複数のワークショップをとおして実践的な技術を身につける「ドキュメンタリー専門演習Ⅰ」

「街を撮る」、「部屋を撮る」、「暮らしを撮る」という3つのワークショップで言葉に頼らない映像表現について考えます。次いで「インタビューを撮る」という実習を通して主人公の感情を表現するインタビューの撮影法を学びます。最後に、学んだすべての表現手法を用いて「学生の一日を撮る」という実習を行います。


3年次後期

企画を⽴てる⼒を身につけ、ドキュメンタリーの可能性を探る「ドキュメンタリー専門演習Ⅱ〈企画ワークショップ〉」

企画のあり⽅とドキュメンタリーの多様性について考えます。⾃分たちで企画を⽴案し、取材対象者や出来事へのアプローチ⽅法、主題の広がりについて議論を繰り返して作品の可能性を検証します。
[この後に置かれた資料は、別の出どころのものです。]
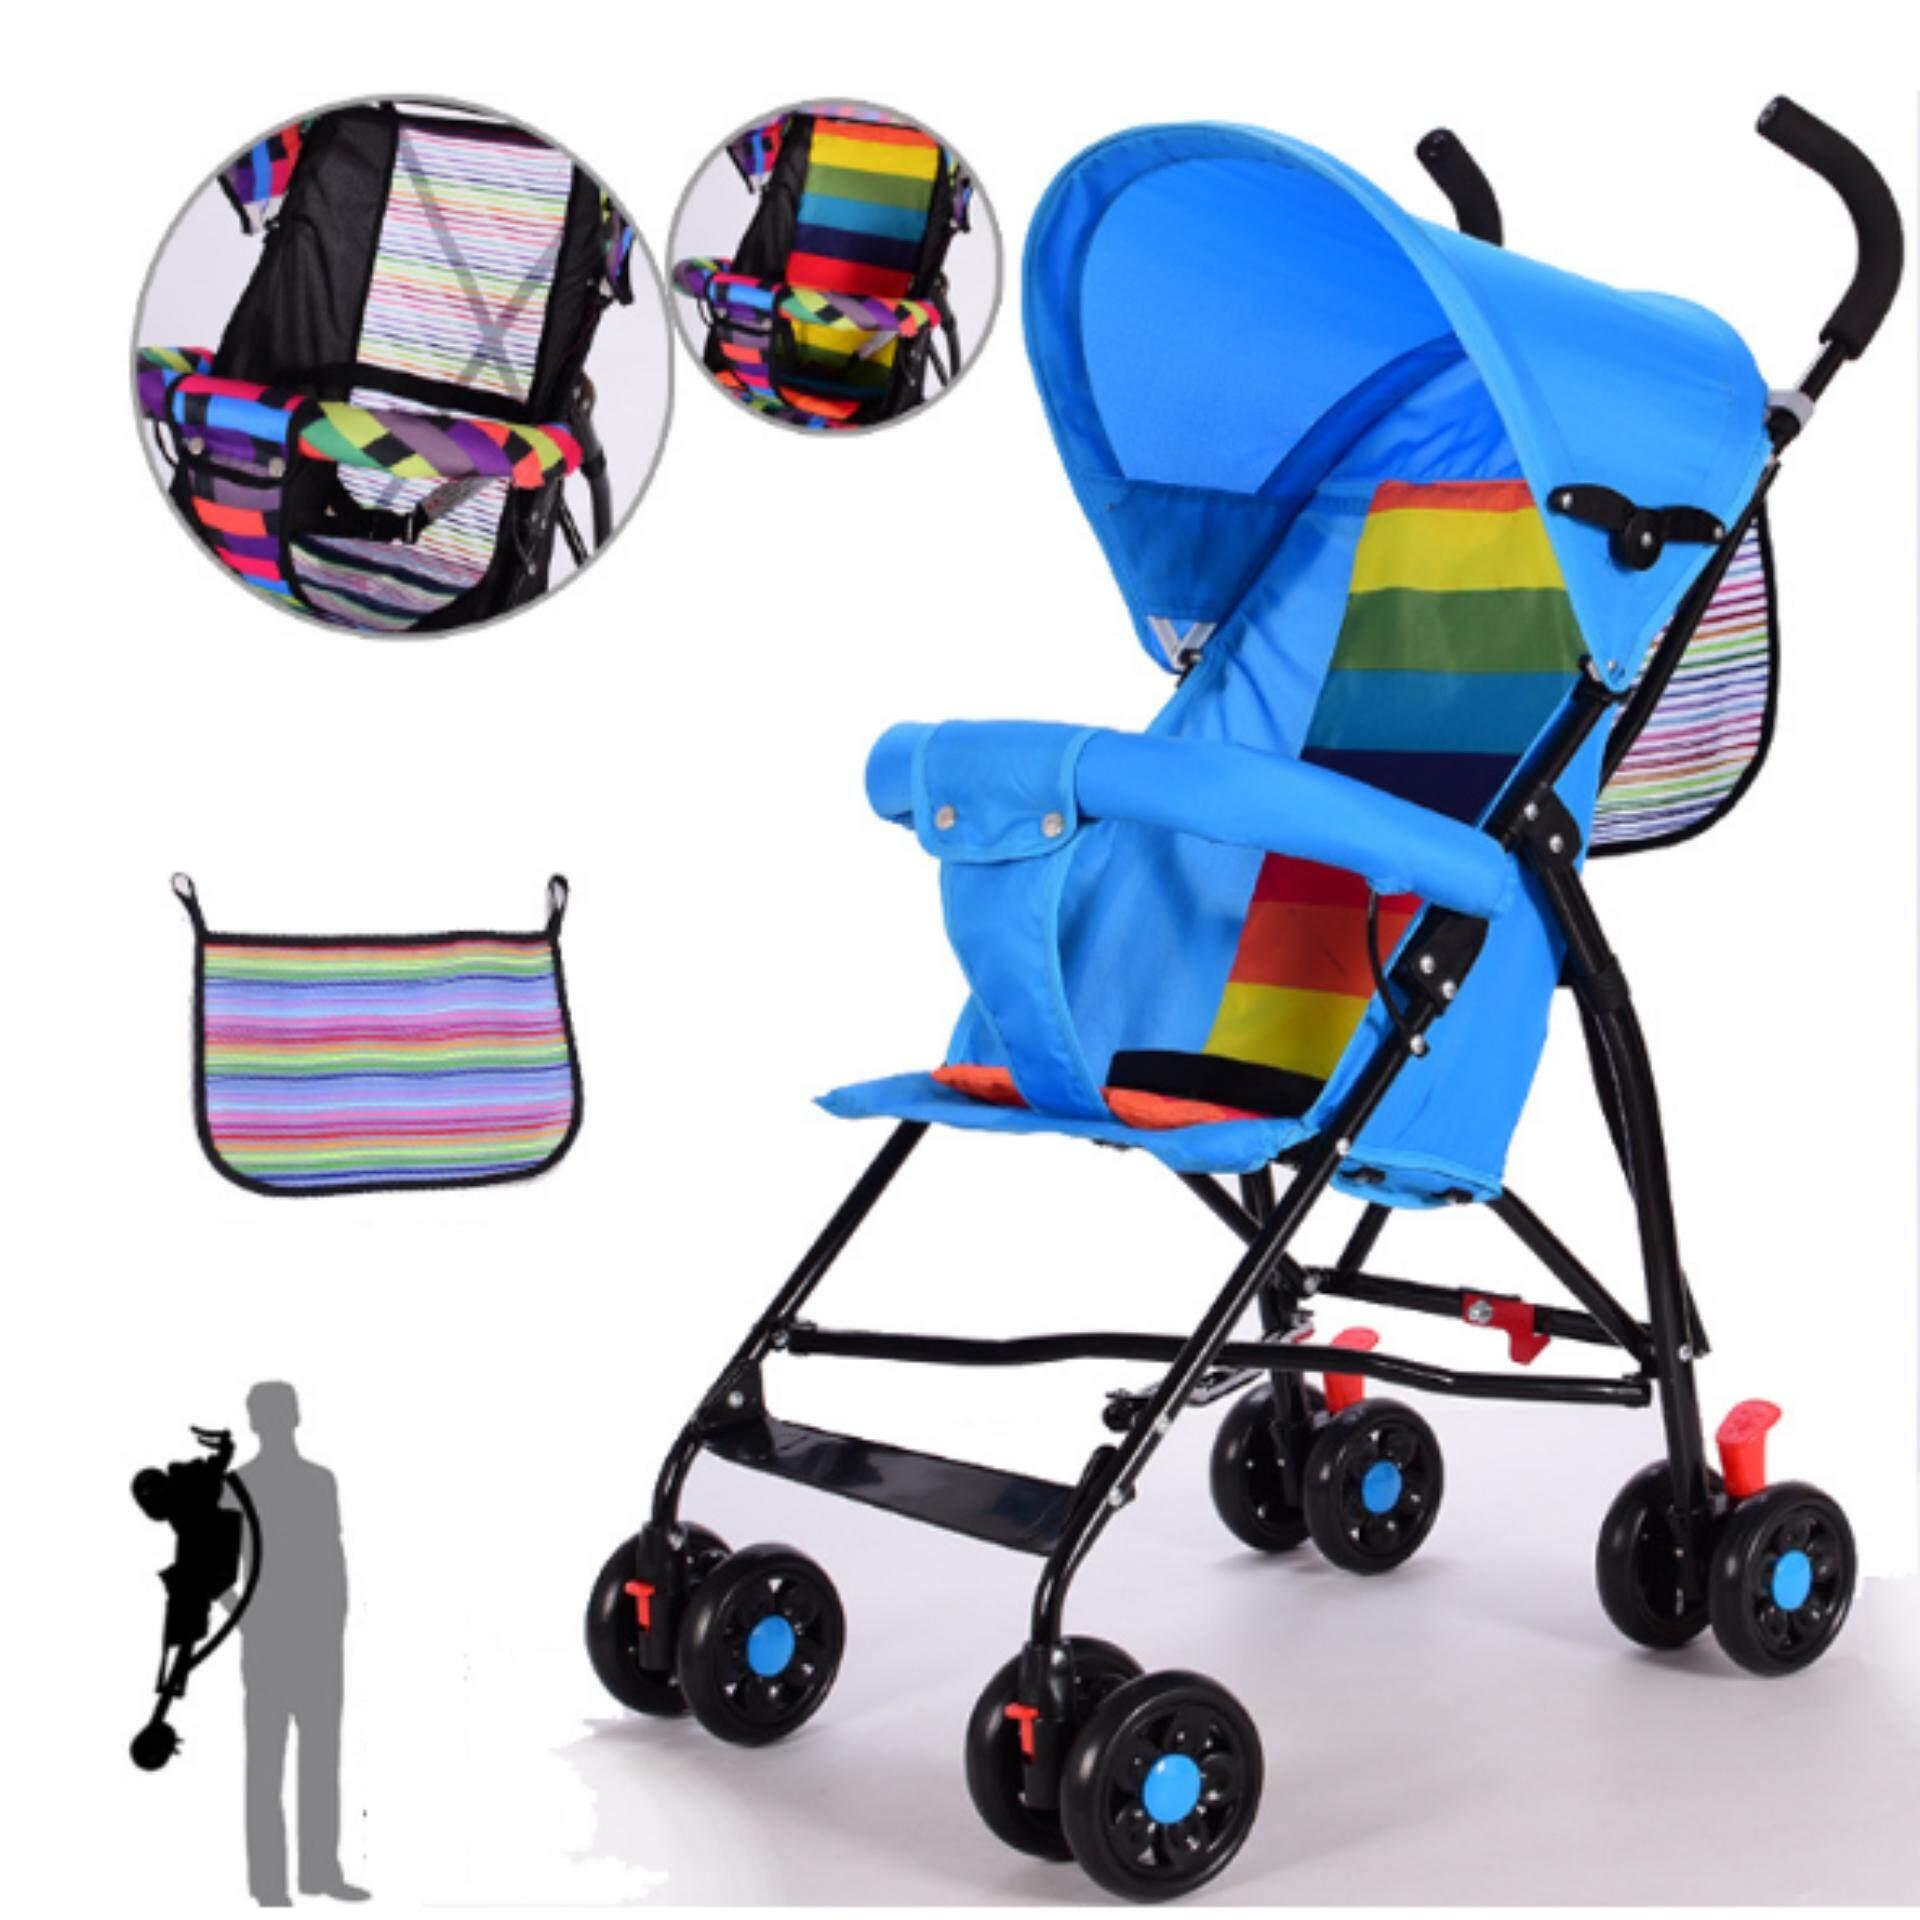 แนะนำ Palight อุปกรณ์เสริมรถเข็นเด็ก PALIGHT รถเข็นเด็กหลบร้อนมุ้งกันยุง ซื้อที่ไหน ? ถูกที่สุด

卒業制作に向けて、ドキュメンタリー制作の過程とスタッフの役割、主題と⼿法についての理解を深めます。


4年次

4年間の集大成「卒業制作〈ドキュメンタリー〉」

これまで修得したあらゆる知識と技術を総動員して、⼀般公開できるレベルの作品を制作します。出来上がった作品の上映まで⾃分たちの⼿で⾏うことで、映画をどのように観客に届けるのか、「⾒せる」ためのプロセスも体験的に学びます。(卒業制作上映会公式HPはこちら


メッセージ

安岡卓治

作り手の想像力がモノを言う
ドキュメンタリーは「フィクション」だ

安岡卓治Yasuoka Takaharu教授/映画プロデューサー

事実を淡々と映し出すイメージを抱かれがちなドキュメンタリー。しかし、キャメラで切り取れるのはあくまでも現実のごく一部。作り手が一貫したテーマ・コンセプトのもと、想像力と柔軟性をもって数々の「断片」をつなぎ合わせ、どのように再構成するかが作品のクオリティを左右します。取材を受ける側は、キャメラを向けられることで無意識に「演技」をしてしまうものです。キャメラの存在を気にせずに話をすることができる環境や人間関係作りによって、観る側の心を揺さぶる言葉が引き出される。そして、その人の存在価値やメッセージを社会に伝える深みのある作品ができていくのです。
そこに描かれるのは作り手の世界。フィクションといってもよいでしょう。